→ DATA:

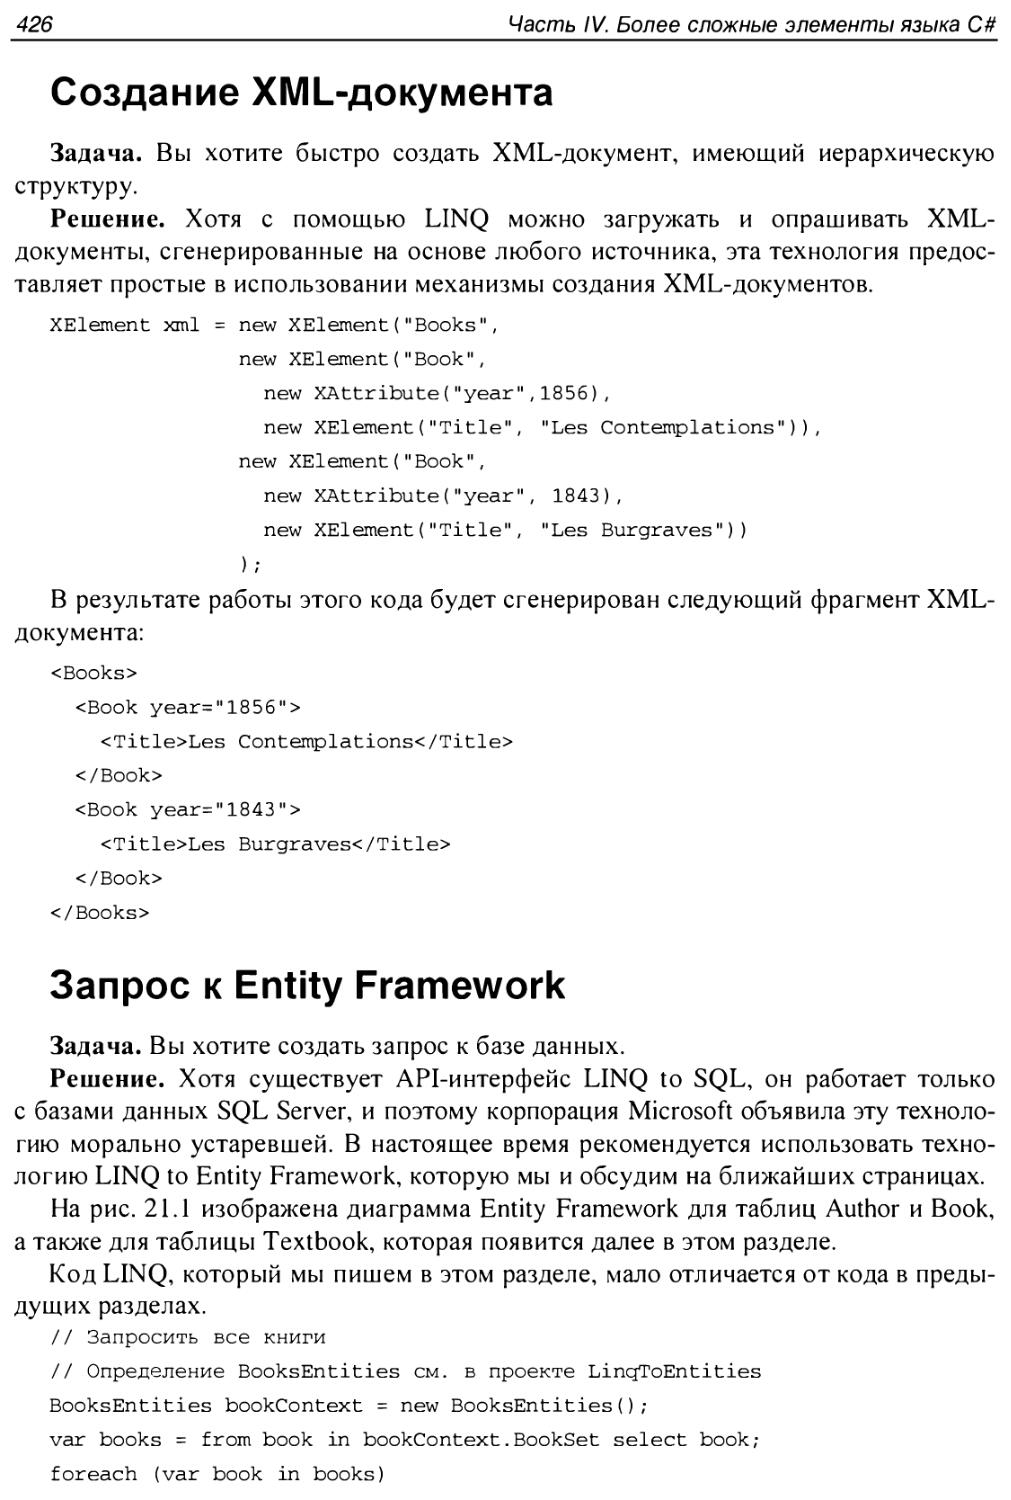 Запрос к Entity Framework
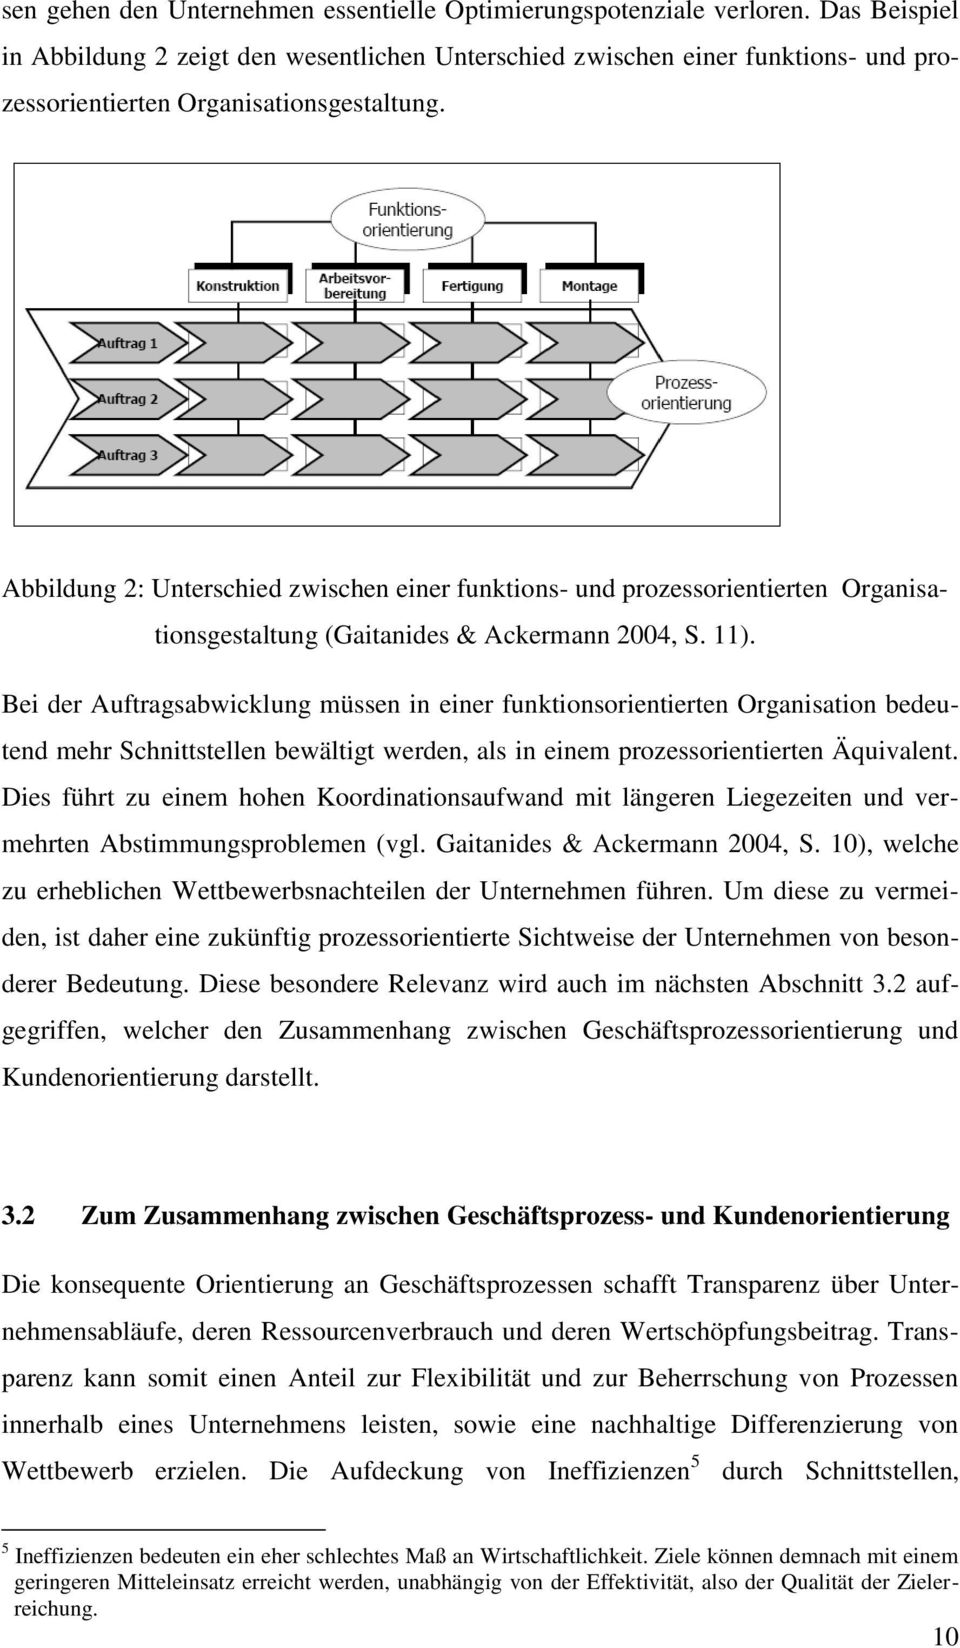 Abbildung 2: Unterschied zwischen einer funktions- und prozessorientierten Organisationsgestaltung (Gaitanides & Ackermann 2004, S. 11).
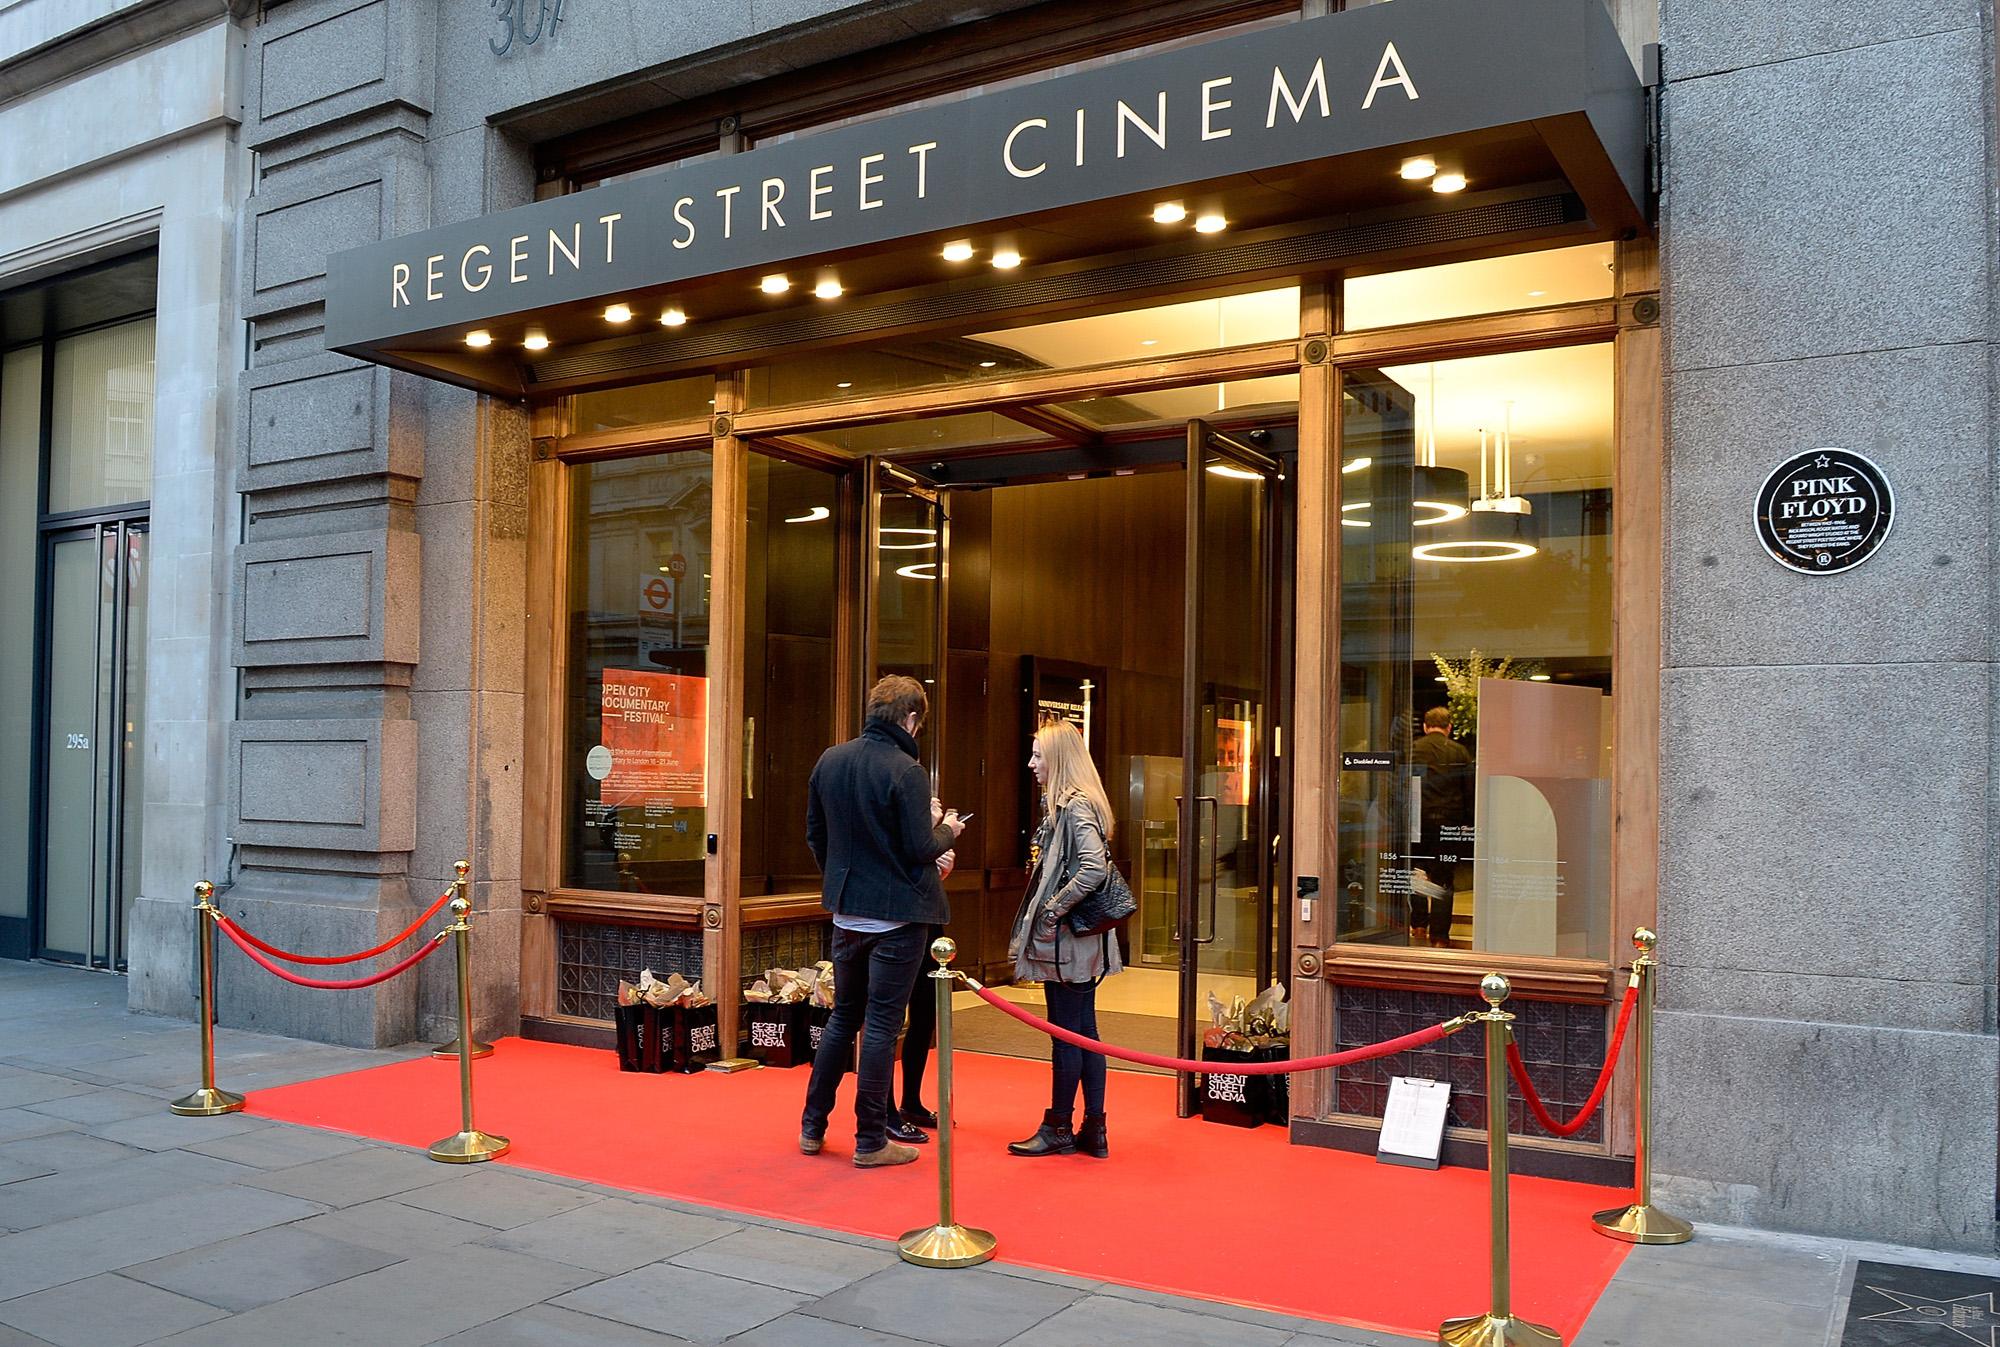 Regent Street Cinema, Regent Street Cinema photo #9

→ TO DO:
All of the material above should be copied exactly, minus the pictures.

→ RESULT OF THE TASK:
 Запрос к Entity Framework
 Abbildung 2: Unterschied zwischen einer funktions- und prozessorientierten Organisationsgestaltung (Gaitanides & Ackermann 2004, S. 11).
 Regent Street Cinema, Regent Street Cinema photo #9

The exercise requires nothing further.